为解决现有技术存在的上述问题，本发明要克服以上各种技术的缺点并提出一种新的个性化商品推荐方法。In order to solve the above-mentioned problems in the prior art, the present invention overcomes the above-mentioned shortcomings of various technologies and proposes a new method for recommending personalized commodities.

为了实现上述目的，本发明的技术方案如下：一种基于频率矩阵和文本相似度的个性化商品推荐方法，包括以下内容：In order to achieve the above object, the technical solution of the present invention is as follows: a personalized product recommendation method based on frequency matrix and text similarity, including the following:

A、模型的输入和输出A. Model input and output

A1、数据输入A1. Data input

只有与目标用户相关的数据才会输入到推荐模型中，并为目标用户推荐可能喜欢的商品。如果此时没有相关的数据可以作为推荐模型的输入数据，就使用非个性化的方法为目标用户提供推荐服务，比如：最新上市的商品或特价促销的商品。应该尽可能的为推荐模型输入多种相关的数据，让其输出数量更多，实用性更广泛的推荐结果，比如：用户当前浏览的商品，用户浏览历史所体现出来的长期个人喜好，或者两者都使用。可以通过简单的方法获得目标用户的多种相关数据，对这些相关数据进行适当的处理以后就可以作为推荐模型的输入数据了。虽然有一些推荐模型的应用是考虑全局特征的，但是越来越多的推荐模型正在追踪并记录用户的浏览模式，根据用户浏览的上下文(包括用户的浏览历史和当前浏览商品)为用户提供更加细化的商品推荐。作为推荐模型输入数据的用户行为模式可以解释成两种类型：用户在不知道商品推荐系统存在时的浏览行为模式和用户了解商品推荐系统后的浏览行为模式。Only data related to the target user will be input into the recommendation model, and items that the target user may like will be recommended. If there is no relevant data at this time that can be used as input data for the recommendation model, use a non-personalized method to provide recommendation services for target users, such as: the latest products on the market or special promotional products. A variety of relevant data should be input into the recommendation model as much as possible, so that it can output more and more practical recommendation results, such as: the product currently browsed by the user, the long-term personal preference reflected in the user's browsing history, or two Both are used. A variety of related data of target users can be obtained through a simple method, and these related data can be used as input data of the recommendation model after proper processing. Although there are some recommendation model applications that consider global features, more and more recommendation models are tracking and recording users' browsing patterns, and provide users with more information based on the user's browsing context (including the user's browsing history and current browsing products). Detailed product recommendations. The user behavior pattern as the input data of the recommendation model can be interpreted into two types: the browsing behavior pattern when the user does not know the product recommendation system exists and the browsing behavior pattern after the user knows the product recommendation system.

A2、数据输出A2. Data output

推荐模型的输出为用户提供商品的详细介绍，包括商品的类型、质量和外观等多种信息。最常见的输出可以看作是一个建议，通常采取的表现形式为“商家推荐”或“试试这个商品”，更简单的形式就是把输出的推荐商品放到页面上由用户自己去发现并使用，最简单的推荐形式就是只使用一种商品。有些推荐算法会把商品和商品的预测排名一起展示给用户，供用户去参考。这些经过估算得出的排名不仅可以作为某个商品的推荐度，还可以帮助用户进一步去了解推荐系统的有效性，更加充分的利用推荐系统。预测排名可以作为推荐商品的内容或者推荐商品的某一项信息为用户展示出来。网站MovieFinder就是把“用户排名/系统排名”作为商品的某一项信息展示给用户，为用户在选择商品时做参考。
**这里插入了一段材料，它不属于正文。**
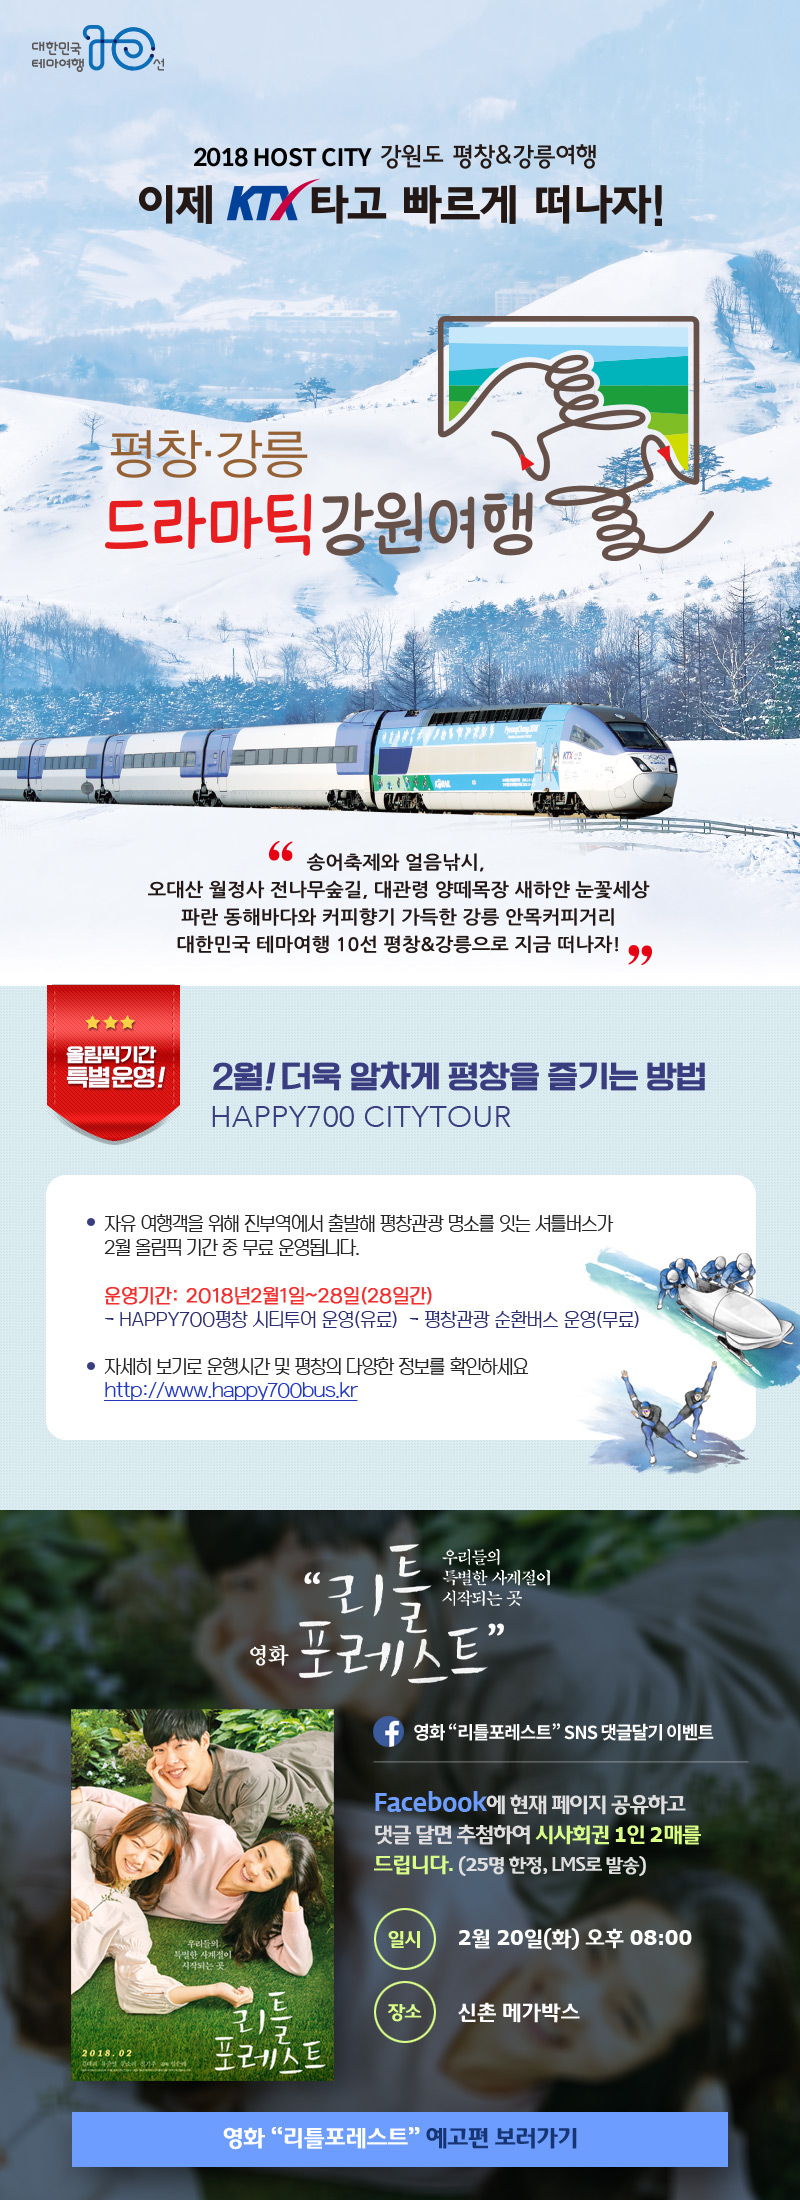 2018 동계올림픽이 열리는 강원도 평창&강릉여행 이제 ktx타고 빠르게 떠나자!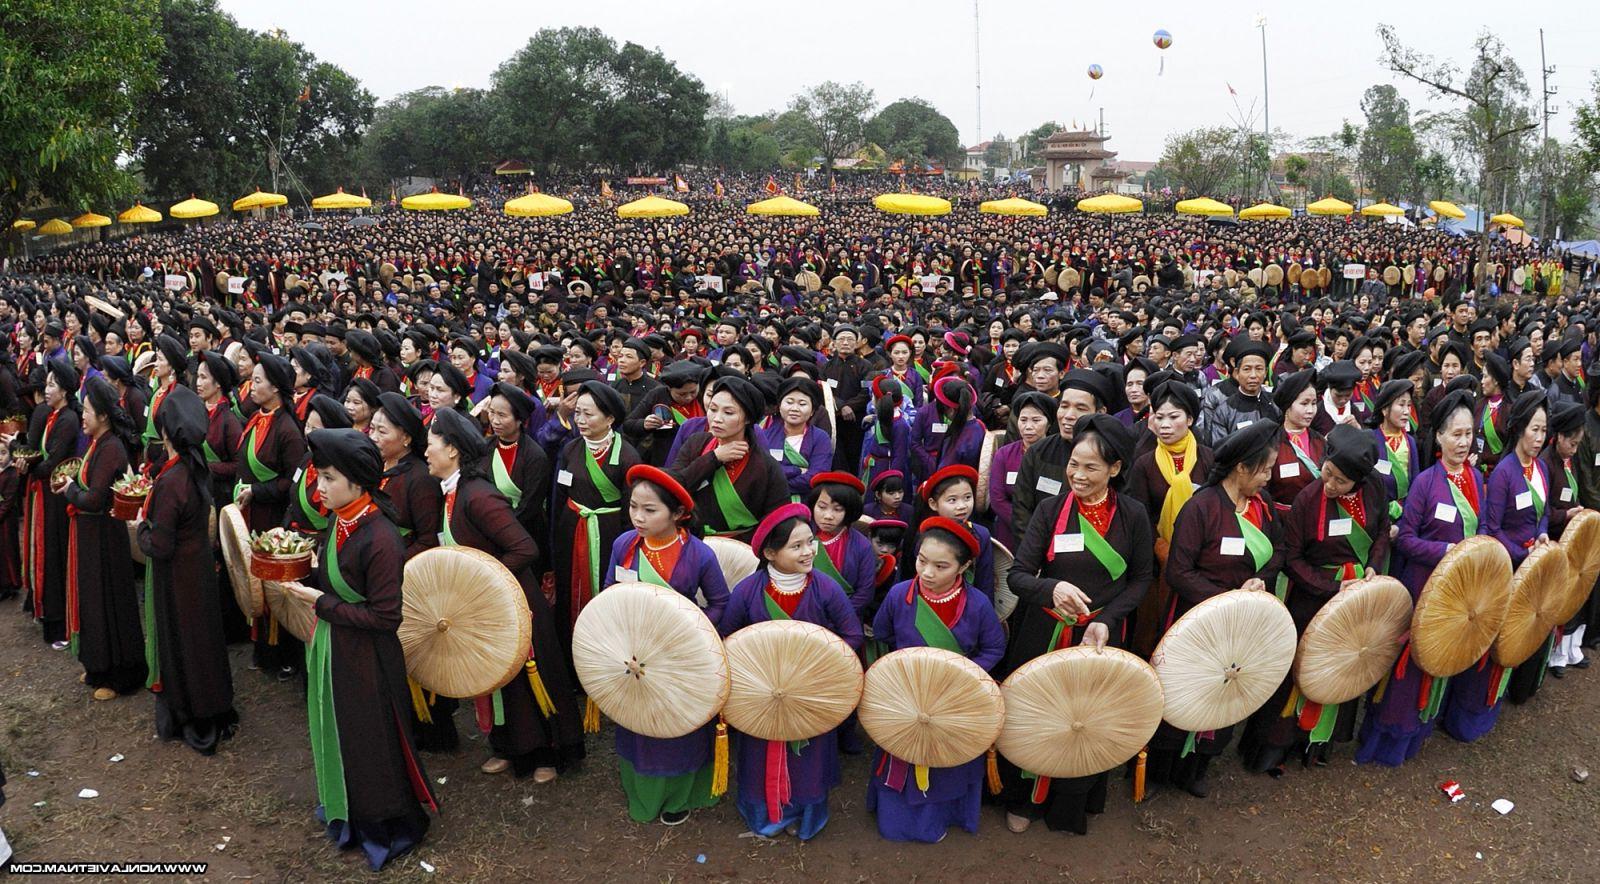 Điệu hát “Khách đến chơi nhà” đạt kỷ lục “nhiều người mặc trang phục quan họ và cùng hát dân ca quan họ Bắc Ninh nhất”

The output of the recommendation model provides users with a detailed introduction to the product, including various information such as the type, quality, and appearance of the product. The most common output can be regarded as a suggestion, which usually takes the form of "recommended by the merchant" or "try this product". The simpler form is to put the output recommended product on the page for the user to discover and use , the simplest form of recommendation is to use only one item. Some recommendation algorithms will display the product and the predicted ranking of the product to the user together for the user's reference. These estimated rankings can not only be used as the recommendation degree of a certain product, but also can help users further understand the effectiveness of the recommendation system and make full use of the recommendation system. The predicted ranking can be displayed to the user as the content of the recommended product or a certain item of information of the recommended product. The website MovieFinder is to display the "user ranking/system ranking" as a certain item of product information to users for reference when users choose products.

B、数据预处理模块B. Data preprocessing module

数据预处理是商品关联规则分析过程中关键的一步，因为推荐模型的输入数据是现实世界的数据，它们一般是脏的、不完整的和不一致的，这样的数据在不经过任何处理的情况下无法被推荐模块直接使用。数据预处理可以改进数据的质量，从而提高商品关联规则分析过程的精度和性能。数据预处理的一般过程如下：首先对数据进行收集，得到访问日志、引用日志中的数据，并通过数据净化去掉了数据中的噪声数据以及不完整的数据然后经过用户识别、会话识别等一系列处理后得到用户会话文件，最后再进行事务识别得到用户事务数据，为规则发现阶段做好充分的数据准备。Data preprocessing is a key step in the analysis of commodity association rules, because the input data of the recommendation model is real-world data, which are generally dirty, incomplete and inconsistent. Cannot be used directly by recommended modules. Data preprocessing can improve the quality of the data, thereby improving the accuracy and performance of the commodity association rule analysis process. The general process of data preprocessing is as follows: First, collect the data, obtain the data in the access log and reference log, and remove the noise data and incomplete data in the data through data purification, and then pass through a series of user identification, session identification, etc. After processing, the user session file is obtained, and finally the transaction identification is performed to obtain the user transaction data, so as to make sufficient data preparation for the rule discovery stage.

B1、数据采集。推荐模型研究过程中一个很重要的步骤就是要为模型找到合适的输入数据，数据的来源一般是日志文件。日志文件包括服务器日志、代理日志和客户端日志，其中服务器日志文件非常明确地记录了访问者的浏览行为，因此在构建频率矩阵的前提中占有很重要的地位。B1. Data collection. A very important step in the research process of the recommendation model is to find suitable input data for the model, and the source of the data is generally a log file. Log files include server logs, proxy logs, and client logs, among which server log files clearly record the browsing behavior of visitors, so they play an important role in the premise of constructing the frequency matrix.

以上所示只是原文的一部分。